Moreover, transplanted MSCs are potential candidates for immune rejection. MSCs are widely believed to be immune-privileged. This concept is supported by results of low-level MHC expression by MSCs, immunomodulation of immune cells by MSCs in vitro, anti-inflammatory effects of transplanted MHCs into inflammatory tissues, and successful transplantation of allogeneic MSCs. However, subsequent immune responses can eliminate transplanted MSCs [
3], and ex vivo-cultured, syngeneic MSCs were recently reported to induce a local innate immune response when transplanted into immunocompetent mice [
4].
In addition to the paracrine effects of living MSCs, recent studies have found that the efferocytosis of intravenously administered MSCs, which involves the clearance of apoptotic MSCs by recipient phagocytes, positively regulates anti-inflammatory responses in animal models of disease [
5,
6]. Such efferocytosis-dependent therapeutic effects require dying MSCs rather than living MSCs.

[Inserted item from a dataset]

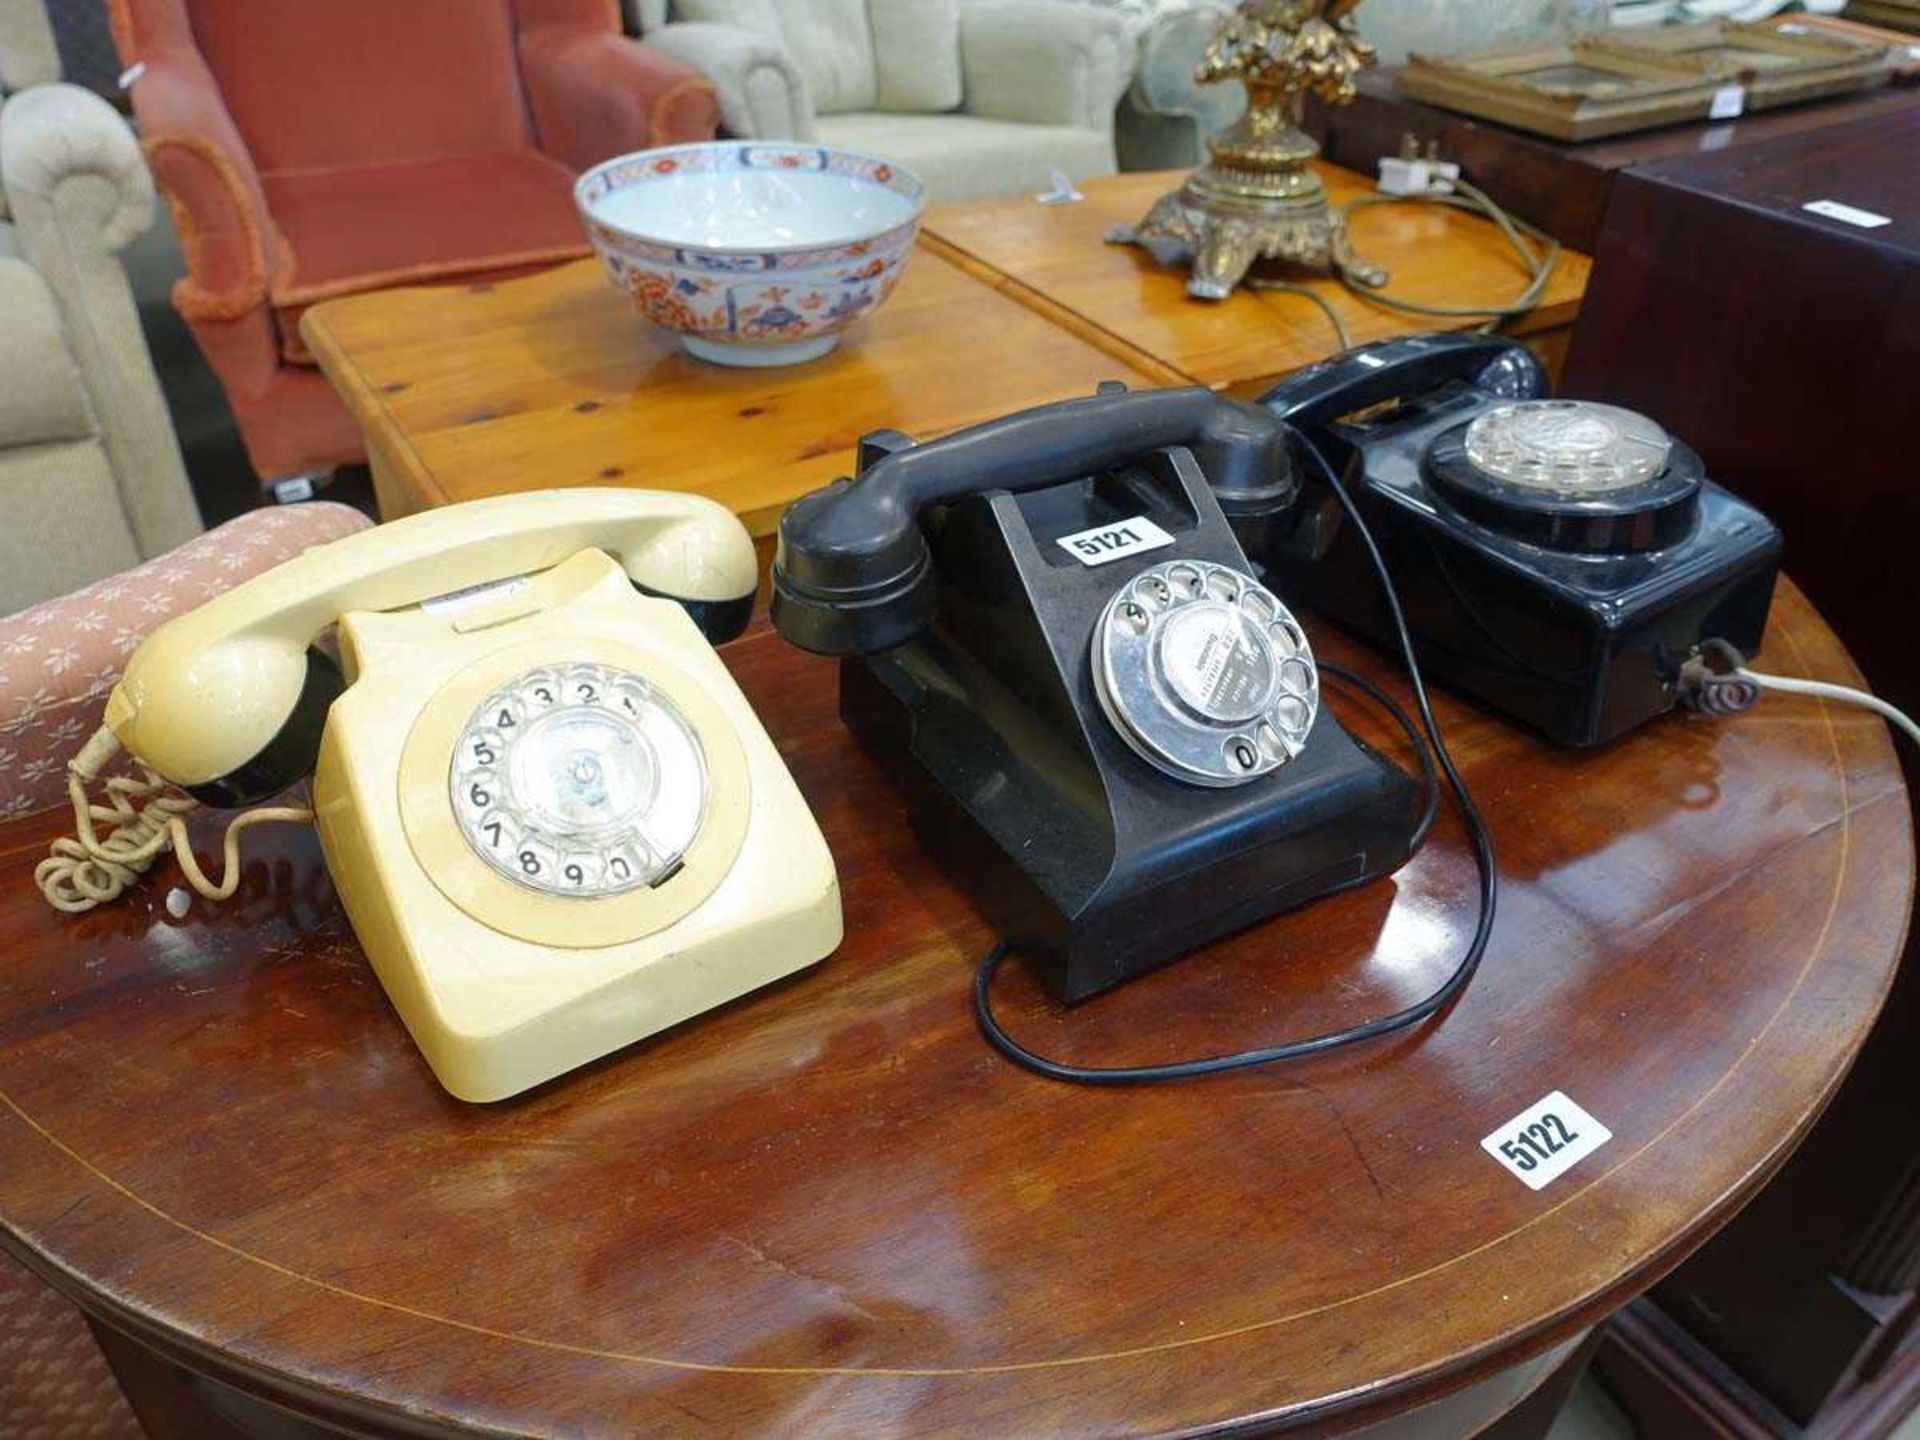 3 bakelite style telephones
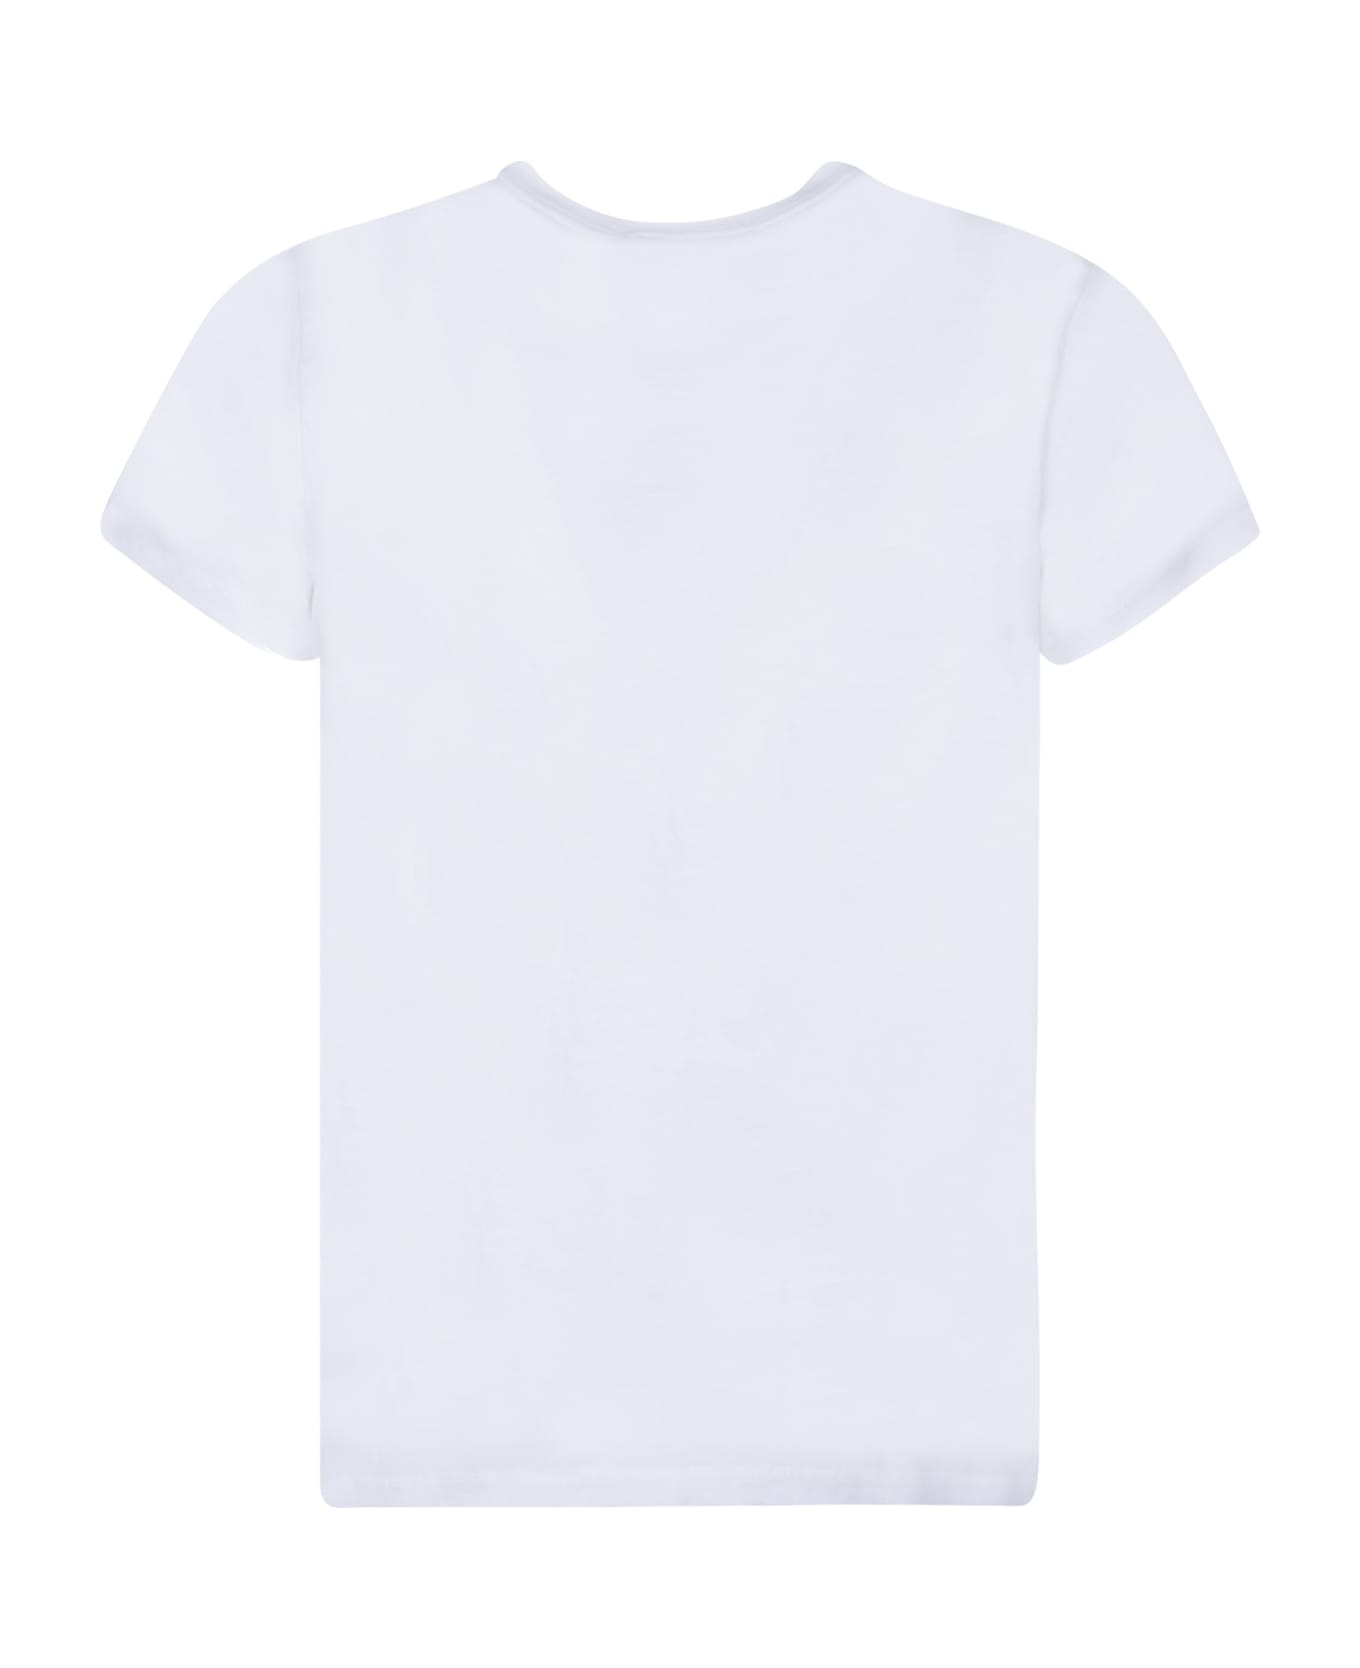 Maison Kitsuné Fox Patch T-shirt - White Tシャツ

Nevertheless, many reports have shown that cell encapsulation and cell aggregation, both of which facilitate prolonged cell survival and retention, enhance the therapeutic effects of transplanted MSCs [
1]. Moreover, prolonged survival of subcutaneously transplanted MSCs reduced skin fibrosis and inflammation in mice and rats [
7,
8].
Cell and genetic engineering technologies, such as three-dimensional cell cluster formation, ligand priming, and gene editing, have been recently used to “design” MSCs to improve the efficacy of MSC-based therapies [
1]. To assess such designed MSCs, basic information about the transplanted MSCs in recipients is crucial. The biodistribution and residence time of transplanted MSCs have been studied using cell trackers, transgenic reporters, and in vivo macroimaging systems. However, the characteristics and roles of transplanted MSCs in situ remain poorly understood, and the precise mechanism of tissue regeneration after MSC transplantation is unclear.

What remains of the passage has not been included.